The 3rd and the rest of nitroglycerine subgroups had the opposite trend and the trend lines converge (Fig. 2b). This is shown in Fig. 2b where the “better” or (+) events have downward slope of − 1.37 (R2 0.66) and the “same” or (0) events have slope of − 0.72 (R2 0.27). This results in a change of negative 5.85% from A1 to A9, or more patients reported “same” than “better”. Data validity was also tested with paired t test with significant differences in the scores for “better” (+) (M = 91,67 SD = 60,8) and “same” (0) events (M = 64,67, SD = 35.79) conditions: t (8) =2.73, p = 0.0258.

This correlation was not found within the N1 group because the data were analyzed and were found insignificant using paired t-test.

Figure 3 presents the sum of all “better” (+) and “same” (0) events for A and N groups. There is a 39.6% difference between “better” and “same” events between A-group and N-group. Standalone statistical analysis of N-group was not possible because the data were not significant. However, even though statistical analysis of N-group was not significant it is a large number of patients (348). Because of this, the comparison of the sum of both groups has significance of its own showing the complete reverse status of these two groups.

Fig. 3
figure 3

Sum of (+) and (0) event between A-first and N-first group

In order to exclude that this trend of reduced nitroglycerin administration in later groups is due to increased use of pain medications we also tested administration of pain medications. We measured only pain medications given after the first nitroglycerin in order to better correlate between them. Patients received 3 types of pain medications:

  • Morphine - 497 given

  • Fentanyl - 302 given

  • Midazolam - 7 given.

Descriptive data of this analysis are presented in Table 4.
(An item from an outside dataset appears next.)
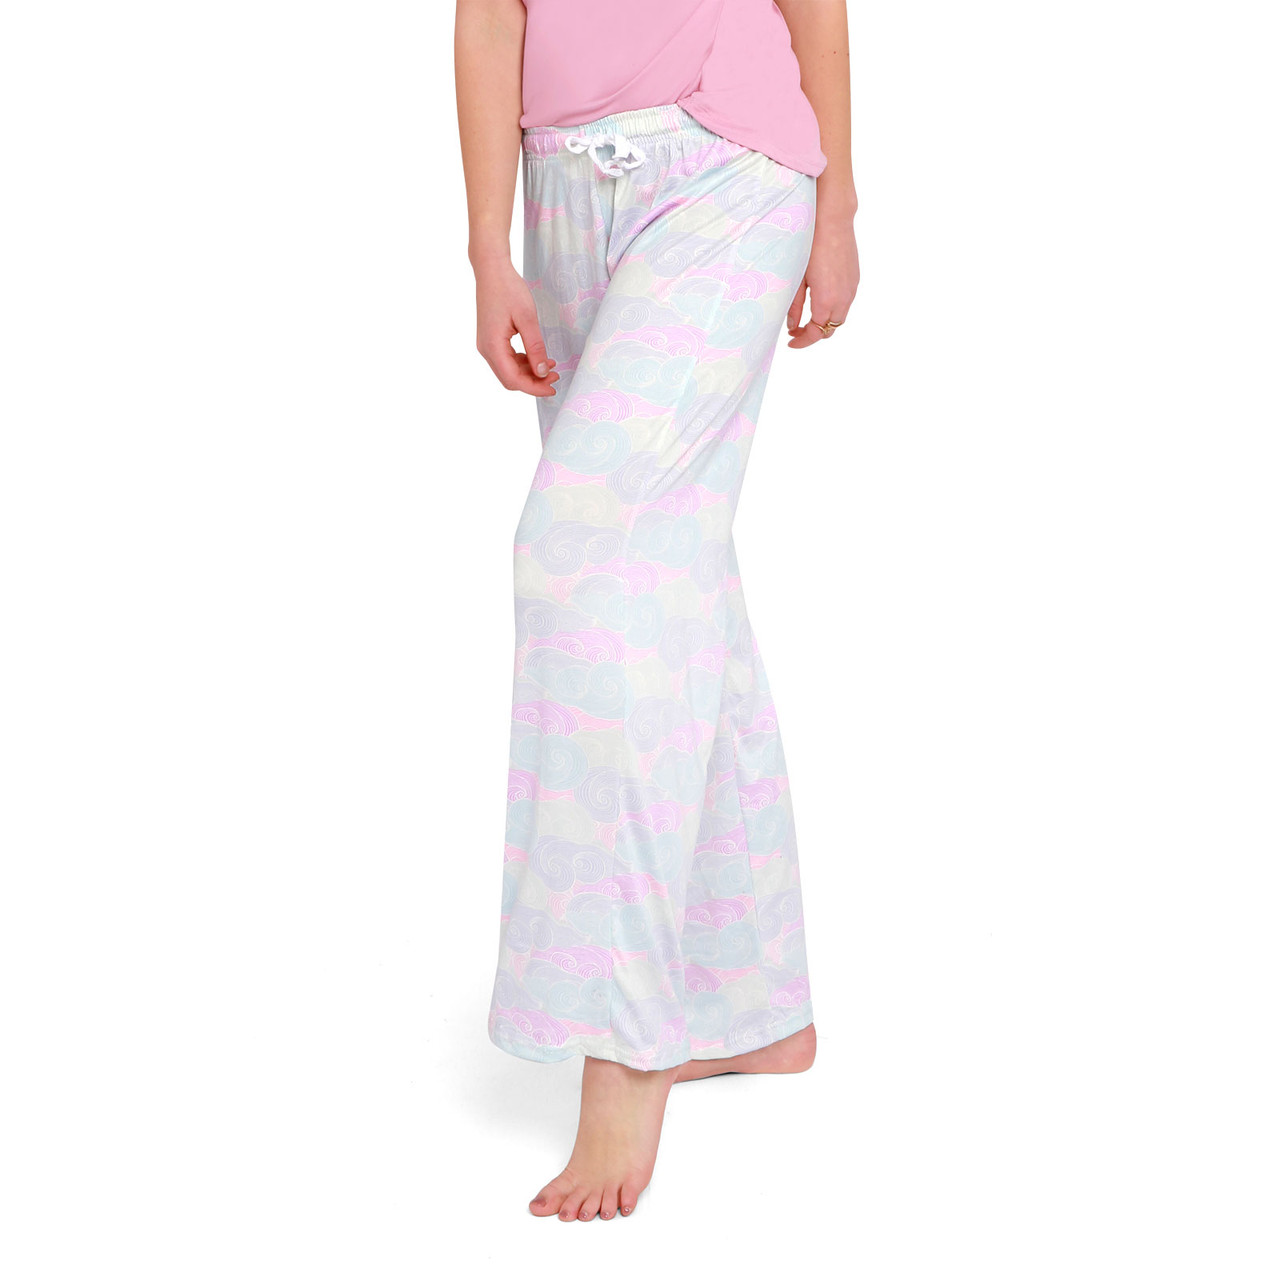 Wholesale top with palazzo pants for Sleep and Well-Being –

Table 4 Descriptive data for opioids given

Graphic presentation in opioids given is presented in Fig. 4. It is evident that the total number of patients that received opioids has a very weak downward slope of − 0.18 (with R2 0.036) from A1 to A9. However, we designed a coefficient of opioids to include the number of opioids given per group. The need to give opioids is directly proportional to the number of patients that received opioids and the number of opioids that they received and is inversely proportional by the number of patients that are in the group. This can mathematically be presented as coefficient:

Fig. 4
figure 4

Percentage of patients that received opioids in A-first group and coefficient of opioids

Coefficient of opioids = (pts. that received opioids x opioids given) / Total number of patients

This coefficient of opioids regards the number of patients that received opioids and the number of opioids they received. This coefficient has a significant downward trend line with slope of 1.44 with a relatively significant R2 of 0.34. This shows that in later groups a smaller percentage of opioid “load” was needed. However, these data have an insignificant chi square of independence (× 2 (16) =18.1, p = 0.316). This means that giving opioids is not dependent on the previous nitroglycerine given or has any relationship between the groups. In other words, giving opioids did not influence the administration of nitroglycerin in the patients. (See supplementary 10).

N-first group had an insignificant number of opioids given and is not presented.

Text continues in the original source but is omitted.